WHY THIS MATTERS IN BRIEF
Most AI Machine Vision models are still very heavy and cumbersome and need lots of training data, but newer lightweight Capsule models are leaner and faster.
If you want to blame someone for the hoopla around Artificial Intelligence (AI) then 69 year old Google researcher Geoff Hinton is a good candidate after the droll University of Toronto professor jolted the field onto a new trajectory in October 2012. With two grad students, Hinton showed that an unfashionable technology he’d championed for decades called Artificial Neural Networks (ANN’s) permitted a huge leap in machines’ ability to understand images. And within six months, all three researchers were on Google’s payroll. Today neural networks are building their own computer games, designing the first generations of digital humans, and helping read people’s minds – and all that’s for starters. In fact, they’re becoming so ubiquitous that you’re probably not far, digitally at least, from one right now. But oddly Hinton now belittles the technology he helped bring to the world.
“I think the way we’re doing machine vision is just wrong,” he says. “[ANN’s] work better than anything else at present but that doesn’t mean it’s right.”
In its place, Hinton has unveiled another “old” idea that might transform how computers see and reshape AI. That’s important because machine vision is crucial to ideas such as self-driving cars, and having software that plays doctor, and a little while ago he released two research papers that he says prove out an idea he’s been mulling for almost 40 years.
Capsule Networks 101
“It’s made a lot of intuitive sense to me for a very long time, it just hasn’t worked well,” Hinton says. “We’ve finally got something that works well.”
Geoff Hinton’s keynote, and Capsule Network explainer
Hinton’s new approach, known as Capsule Networks (CapNet’s), is a twist on neural networks intended to make machines better able to understand the world through images or video. In one of the papers Hinton’s capsule networks matched the accuracy of the best previous techniques on a standard test of how well software can learn to recognize handwritten digits.
In the second, capsule networks almost halved the best previous error rate on a test that challenges software to recognize toys such as trucks and cars from different angles. Hinton has been working on his new technique with colleagues Sara Sabour and Nicholas Frosst at Google’s Toronto office.
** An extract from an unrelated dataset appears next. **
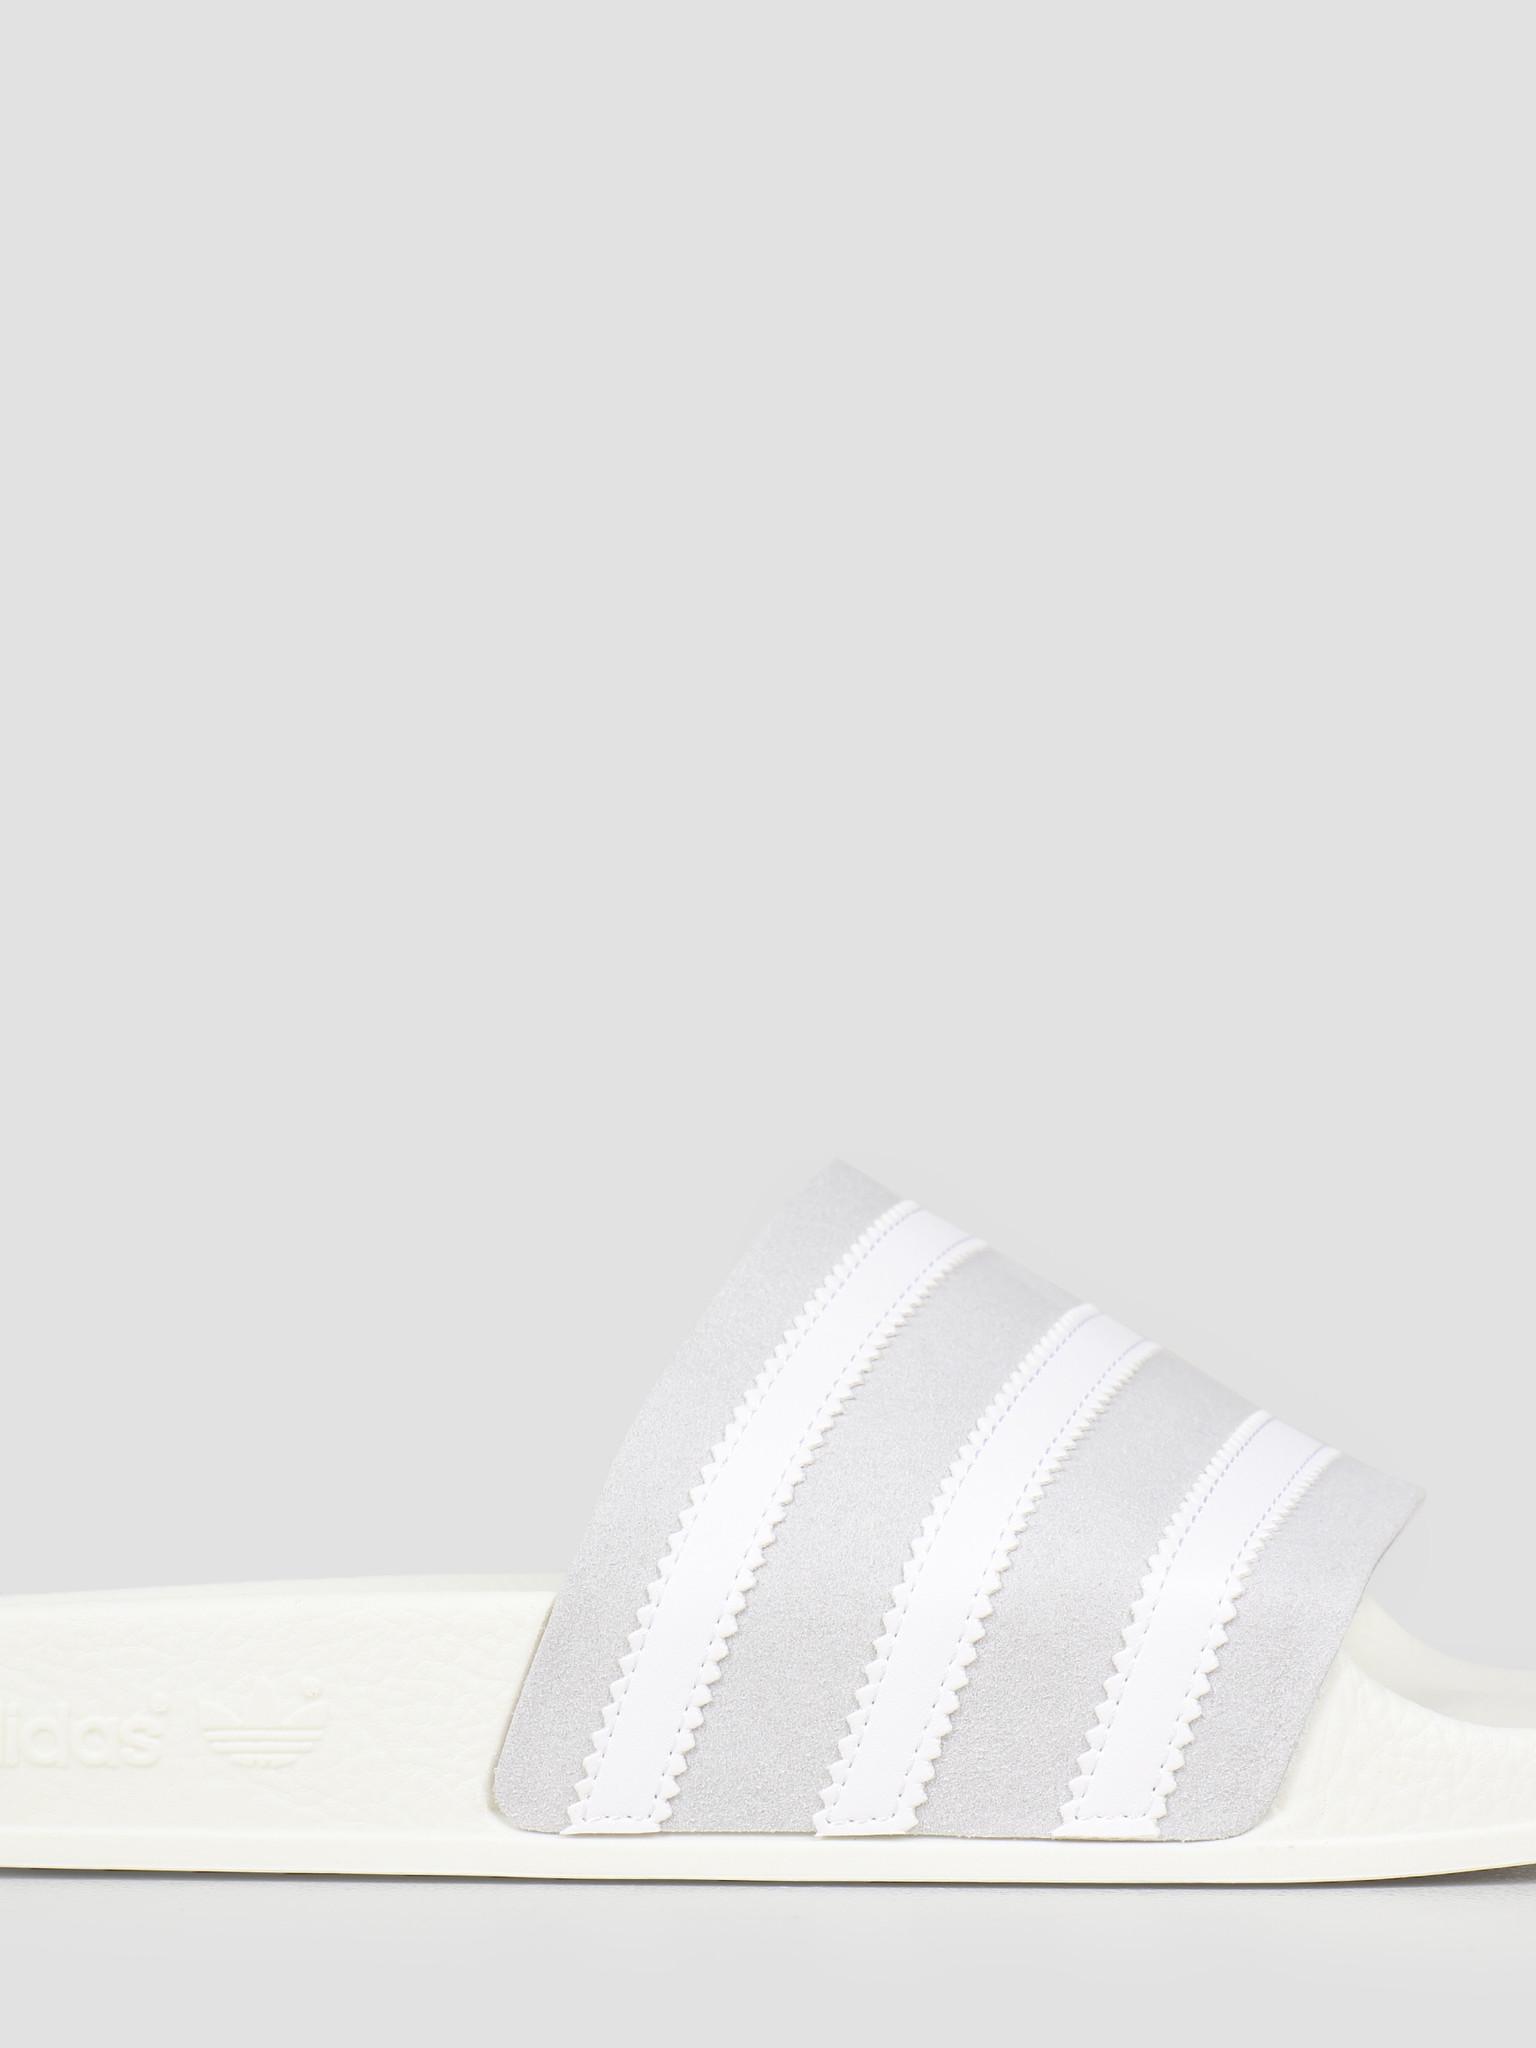 adidas adidas AdileTrack Tope Gretwo Ftwwht Owhite CG6435

Capsule networks aim to remedy a weakness of today’s machine learning systems that limits their effectiveness. Image-recognition software in use today by Google and others needs a large number of example photos to learn to reliably recognize objects in all kinds of situations. That’s because the software isn’t very good at generalizing what it learns to new scenarios, for example understanding that an object is the same when seen from a new viewpoint.
To teach a computer to recognize a cat from many angles, for example, could require thousands of photos covering a variety of perspectives. Human children, by comparison, don’t need such explicit and extensive training to learn to recognize a household pet.
Hinton’s idea for narrowing the gulf between the best AI systems and ordinary toddlers is to build a little more knowledge of the world into machine vision software. Capsules, that are small groups of crude virtual neurons, are designed to track different parts of an object, such as a cat’s nose and ears, and their relative positions in space. Ergo a network of many capsules can use that awareness to understand when a new scene is in fact a different view of something it has seen before. And that’s the breakthrough.
Hinton formed his intuition that machine vision systems “need such an inbuilt sense of geometry” in 1979, when he was trying to figure out how humans use mental imagery, and he first laid out a preliminary design for capsule networks in 2011.
“Everyone has been waiting for the next great leap from Geoff,” says Kyunghyun Cho, a professor at New York University who works on image recognition.
It’s too early to say how big a leap Hinton has made – and he knows it. The AI veteran segues from quietly celebrating that his intuition is now supported by evidence, to explaining that capsule networks still need to be proven on large image collections, and that the current implementation is slow compared to existing image-recognition software.
Hinton is optimistic he can address those shortcomings. Others in the field are also hopeful about his long-maturing idea.
Roland Memisevic, co-founder of image-recognition startup Twenty Billion Neurons, and a professor at University of Montreal, says Hinton’s basic design should be capable of extracting more understanding from a given amount of data than existing systems. If proven out at scale, that could be helpful in domains such as healthcare, where image data to train AI systems is much scarcer than the large volume of selfies available around the internet.
In some ways, capsule networks are a departure from a recent trend in AI research. One interpretation of the recent success of neural networks is that humans should encode as little knowledge as possible into AI software, and instead make them figure things out for themselves from scratch.
Gary Marcus, a professor of psychology at NYU who sold an AI startup to Uber, says Hinton’s thinking represents a welcome breath of fresh air and argues that AI researchers should be doing more to mimic how the brain uses its own built-in, innate machinery for learning crucial skills like vision and language.
“It’s too early to tell how far this particular architecture will go, but it’s great to see Hinton breaking out of the rut that the field has seemed fixated on,” Marcus says.